▶ [GIVEN DATA]

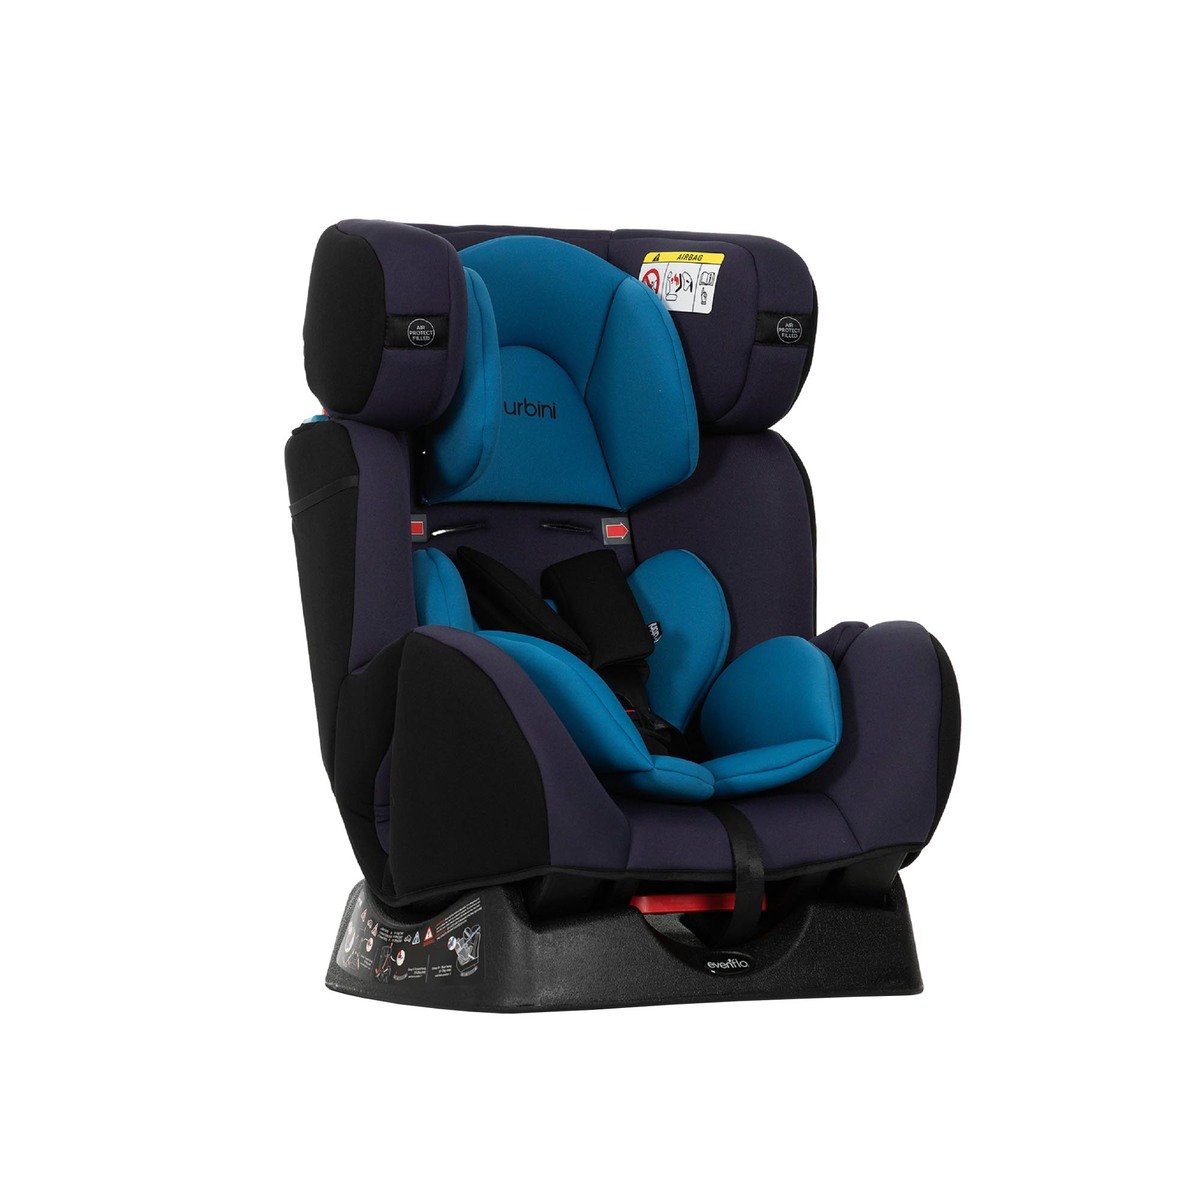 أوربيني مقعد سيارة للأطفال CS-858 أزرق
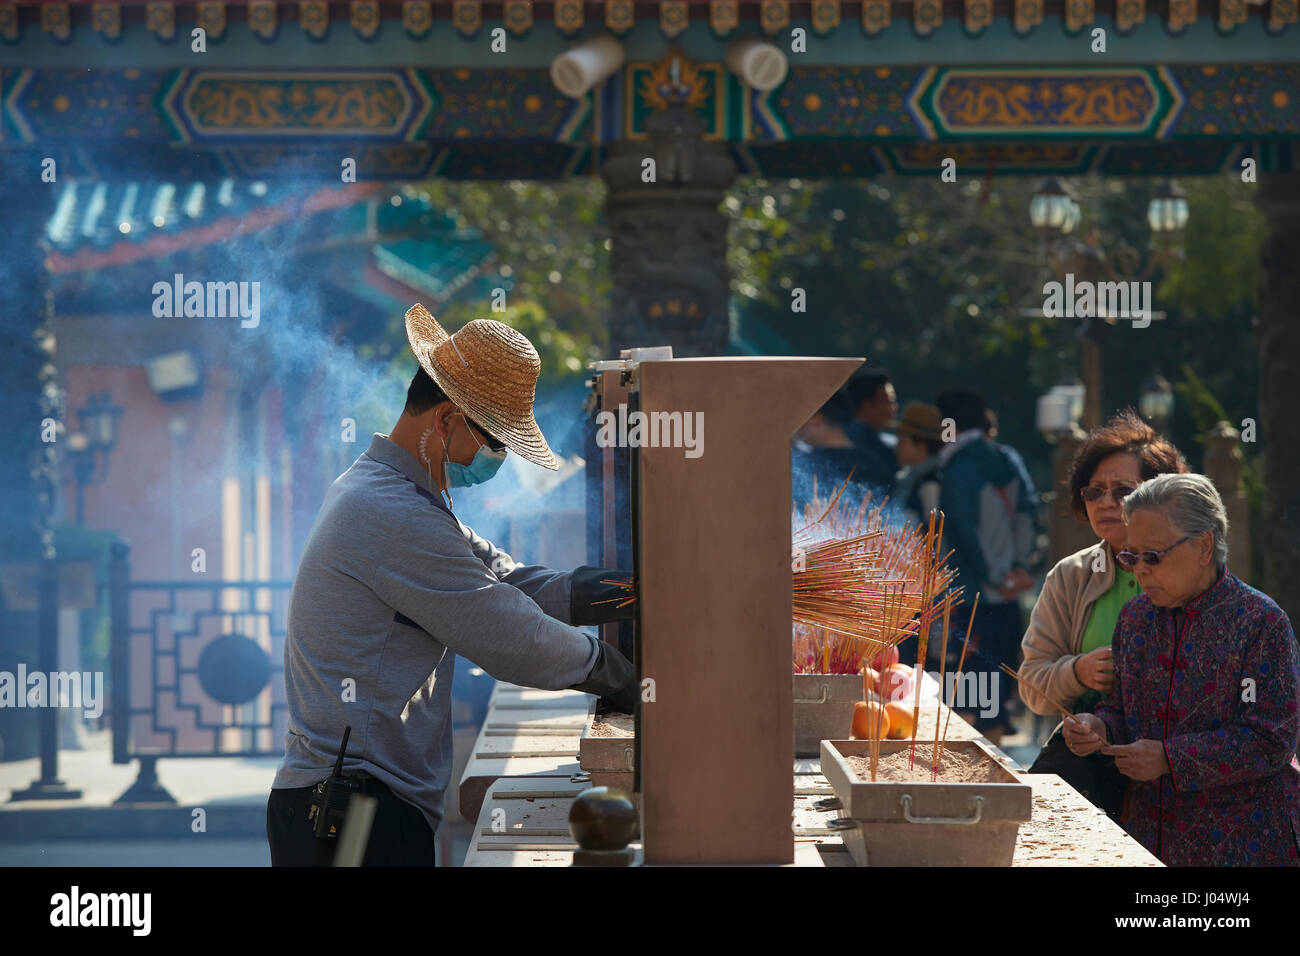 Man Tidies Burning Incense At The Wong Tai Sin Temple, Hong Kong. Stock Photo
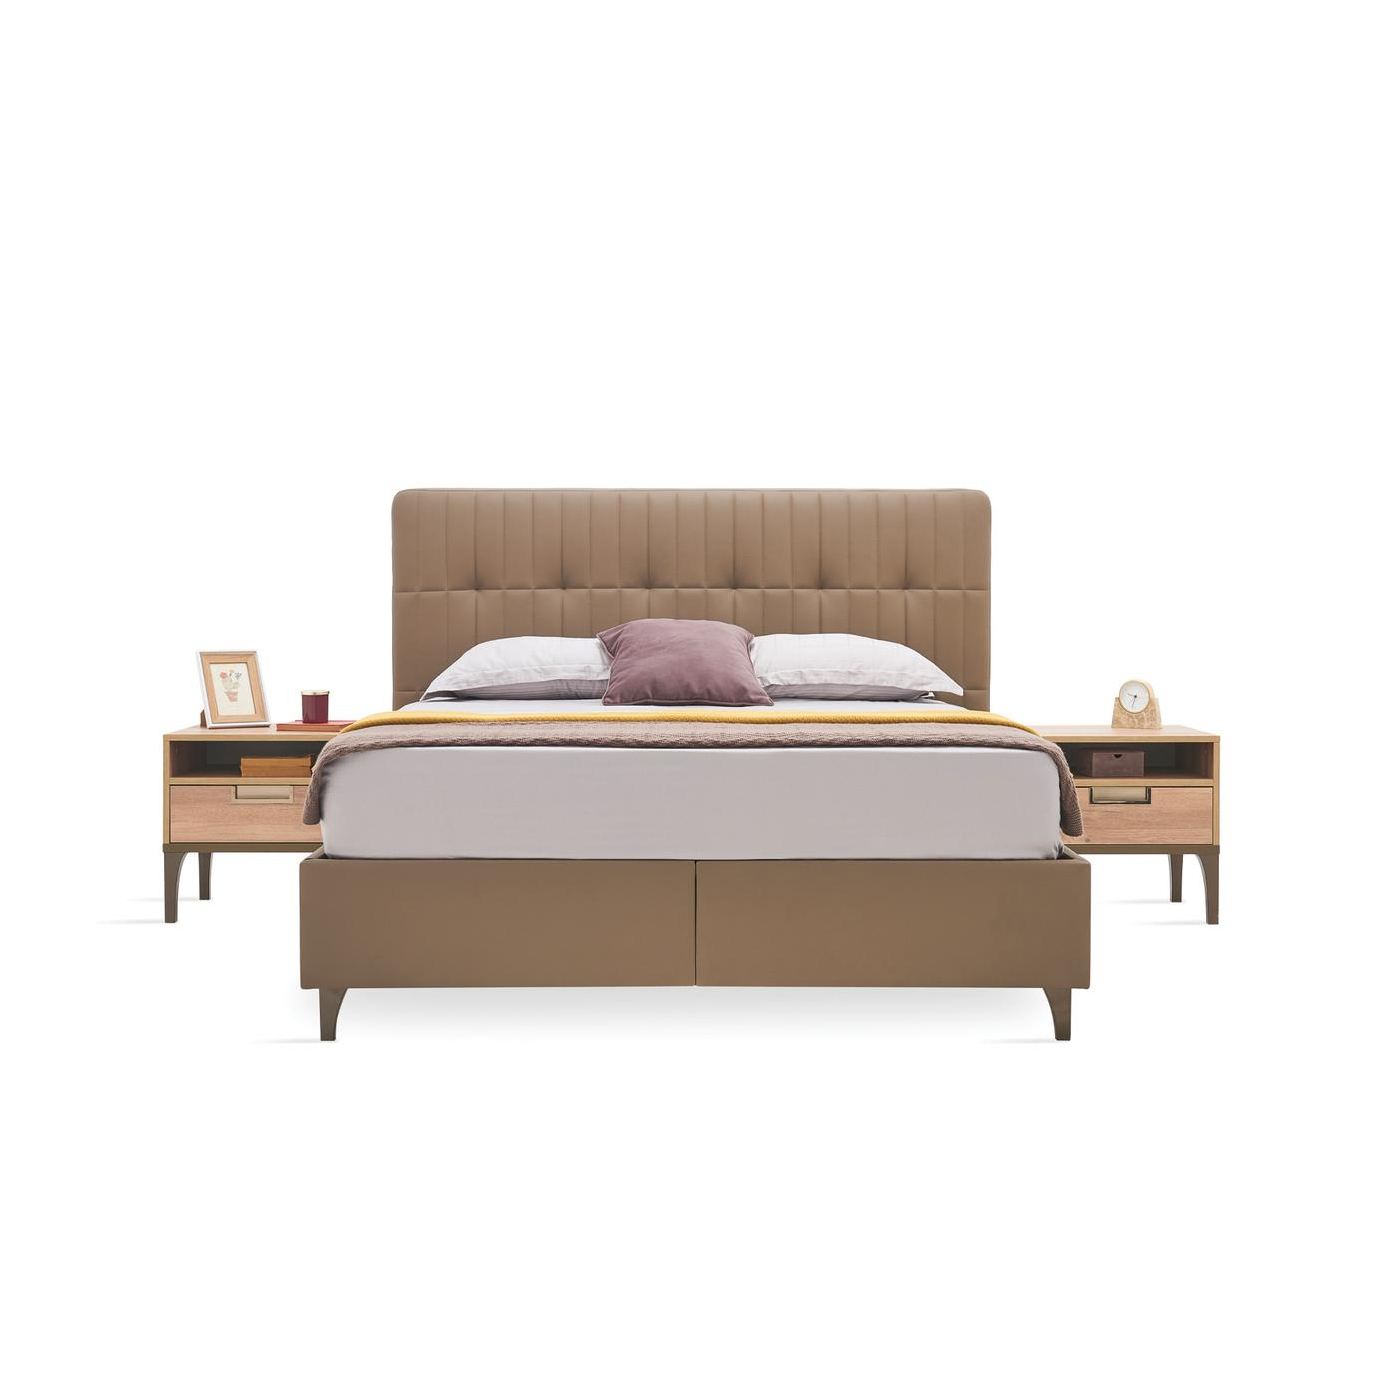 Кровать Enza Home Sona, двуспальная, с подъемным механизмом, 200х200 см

▶ [EXERCISE] Apart from the pictures, every line above must be printed exactly.

▶ [RESULT]
 أوربيني مقعد سيارة للأطفال CS-858 أزرق
 Man Tidies Burning Incense At The Wong Tai Sin Temple, Hong Kong. Stock Photo
 Кровать Enza Home Sona, двуспальная, с подъемным механизмом, 200х200 см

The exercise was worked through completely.